Turns out the woman was an Allied spy during WWII, or so I was told. A woman, in other words, who lived, and perhaps died, pursuing invisibility; the very opposite of everything chased, worked for, and perhaps coveted by the famous women in the other portraits. The net is an obvious metaphor for the woman's shrouded life, and perhaps also for the outcome of her career. Was she caught? Killed? Was she a hero, and, if so, why is her name not presented?

In an era when fame and infamy are interchangeable (one suspects they always were), this tribute to a woman who is, counter-intuitively, iconic because of her cultivated inexactness, stares back at us with a palpable, and heartbreaking, resignation.

As Erica Jong (whose name seems to be everywhere, again) once said, "Fame means millions of people have the wrong idea of who you are."

IN OTHER VENUES

4 Weeks of Cuba at Queen Gallery

382 Queen St. E., Toronto, until Aug. 1

Each week until Aug. 1, Queen Gallery is presenting a contemporary Cuban artist who's new to the Canadian public. The practices could not be more diverse – from photographs of street life to rough, mixed media collage. This week, magic realist painter Milene Busutil Salgado showcases her colour-drenched pagan dream scenarios.

Alice Zilberberg at Bezpala Brown Gallery

17 Church St., Toronto, until July 31

A companion show in many ways to the Servane Mary exhibition, Zilberberg's manipulated images reconfigure famous women from literature and popular culture. But where Mary's work is serene and theoretical, Zilberberg's images are wild, rough and more than a little gothic.

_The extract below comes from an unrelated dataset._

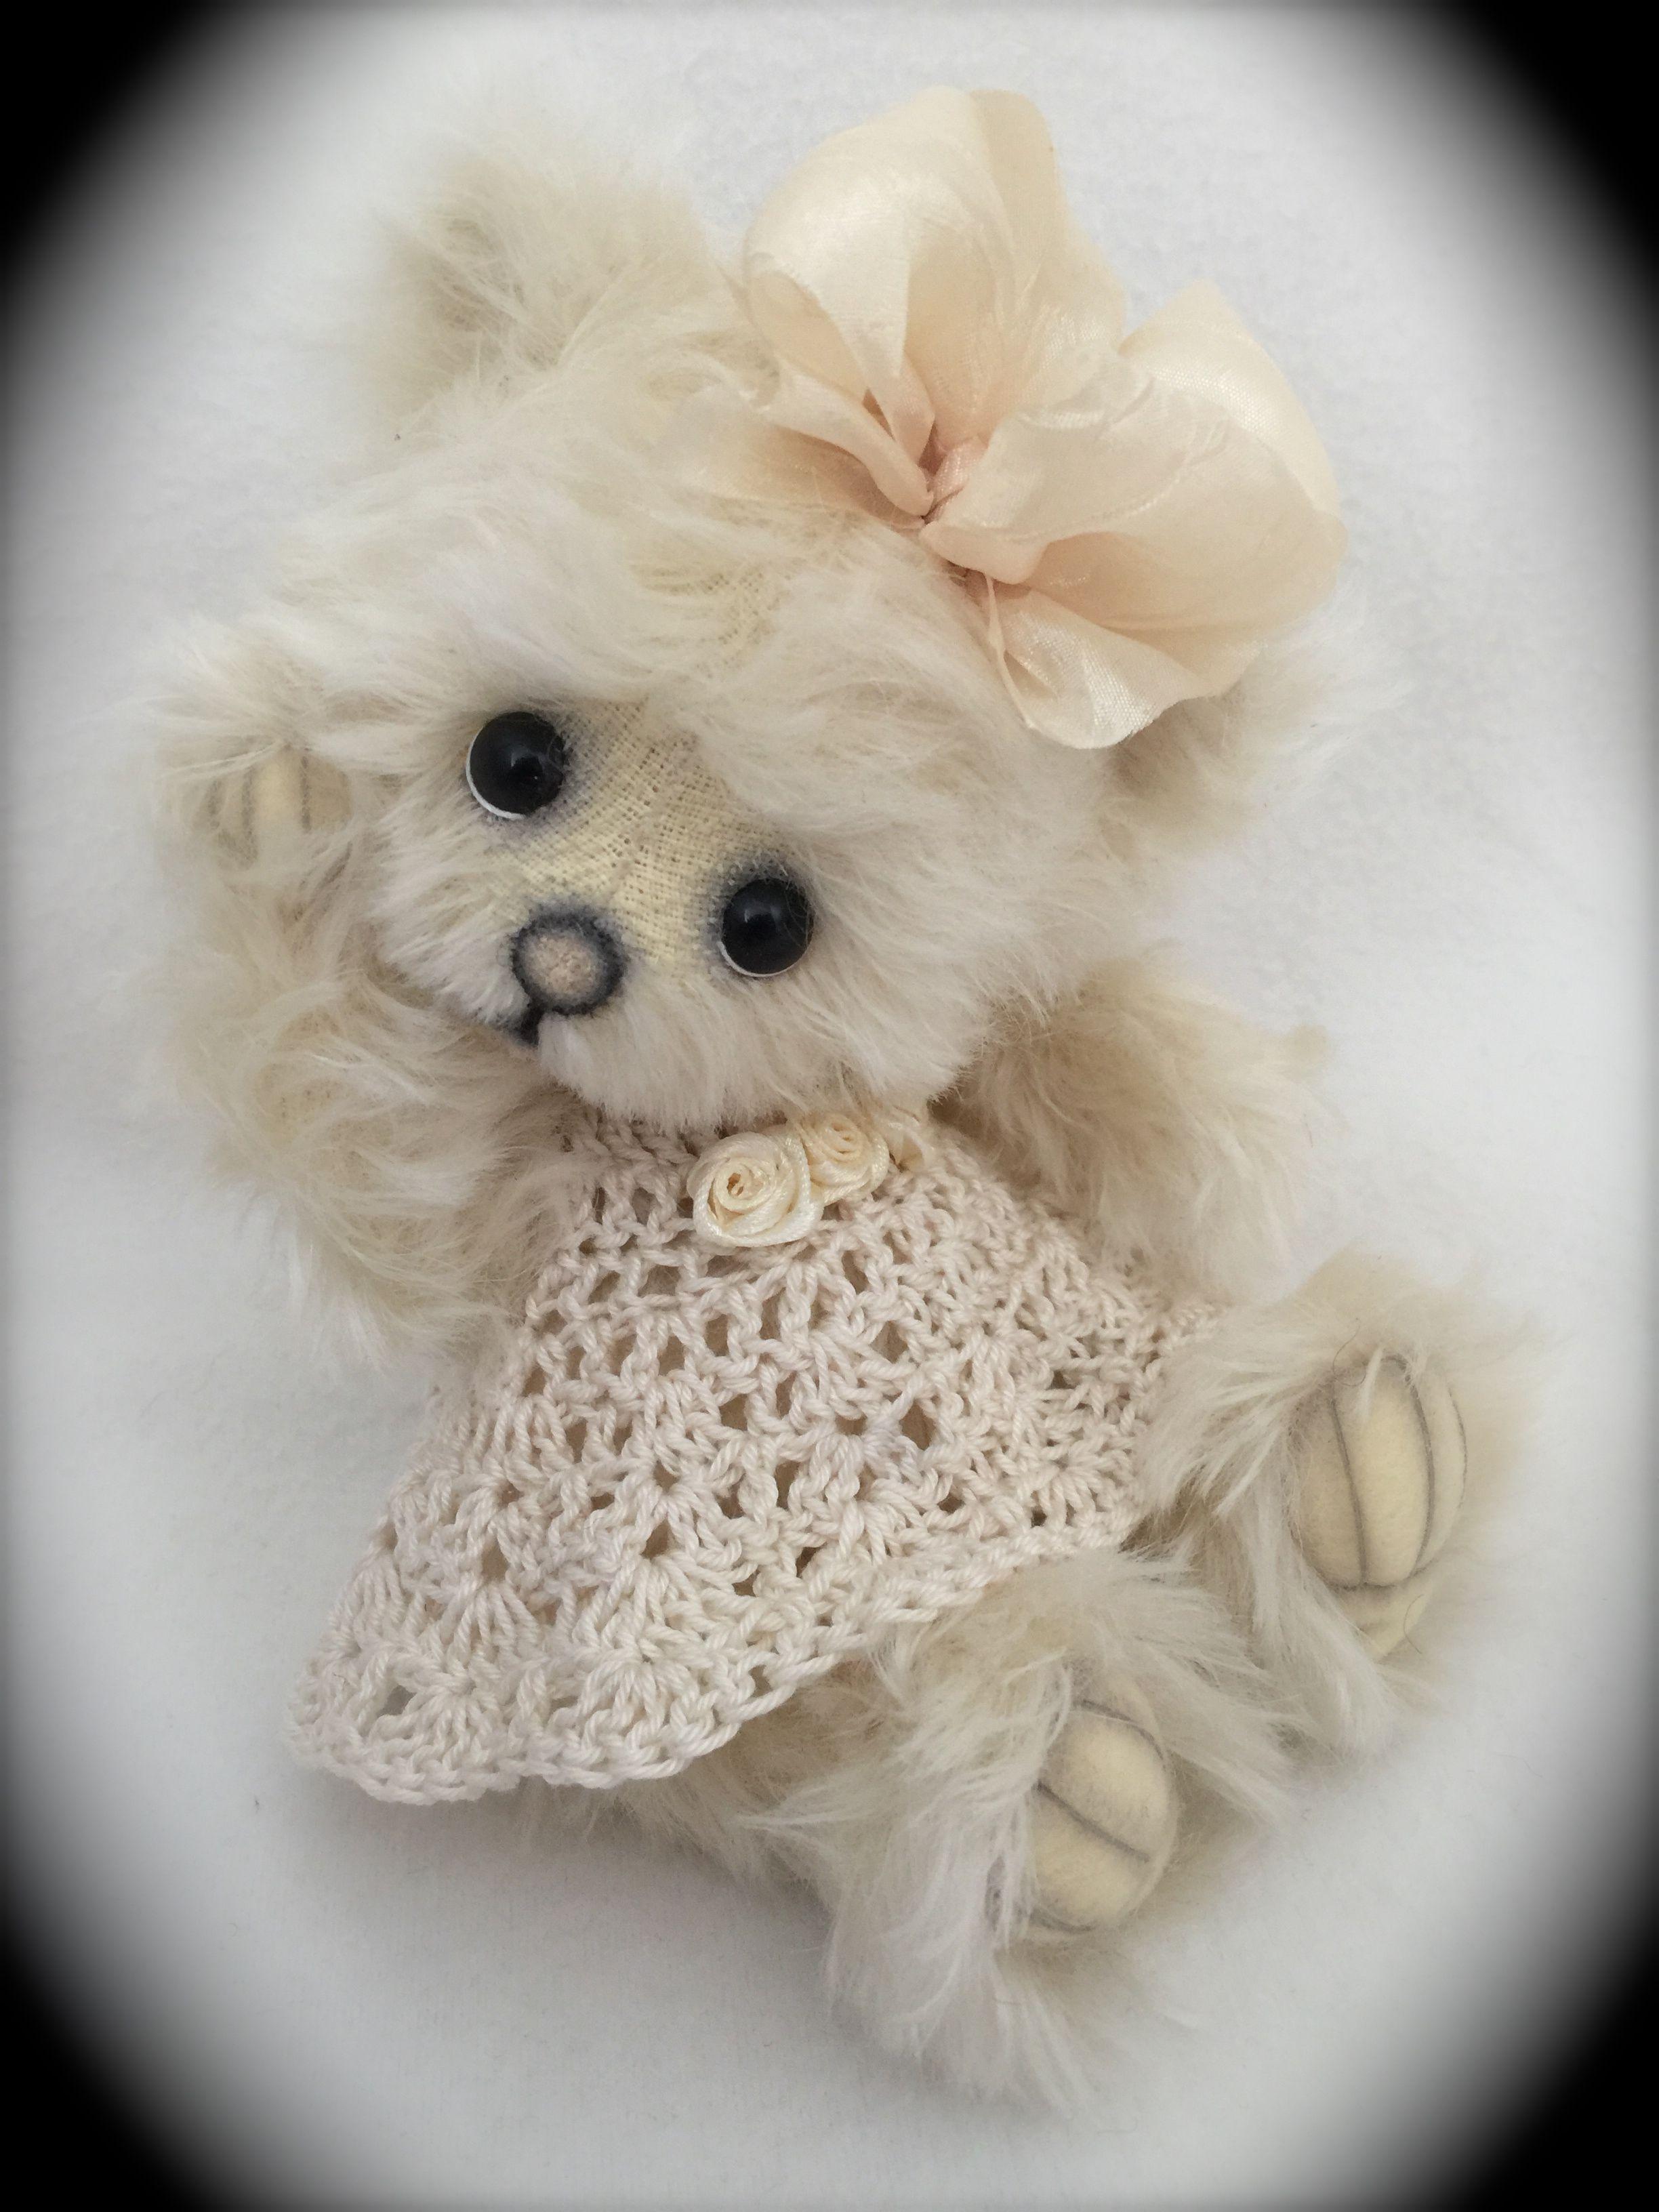 Just precious Cute Animals Teddy bear images, Teddy

Marla Panko at the Burlington Art Centre

1333 Lakeshore Road, Burlington, Ont., until Aug. 7

Panko revisits Modernism's more lively moments in this survey of recent collages and paintings. Mining a vein as well-documented as modernist abstraction ought to be a rather stale procedure, but Panko culls and rearranges with such dynamism that she makes modernist tropes fresh again. And friendly.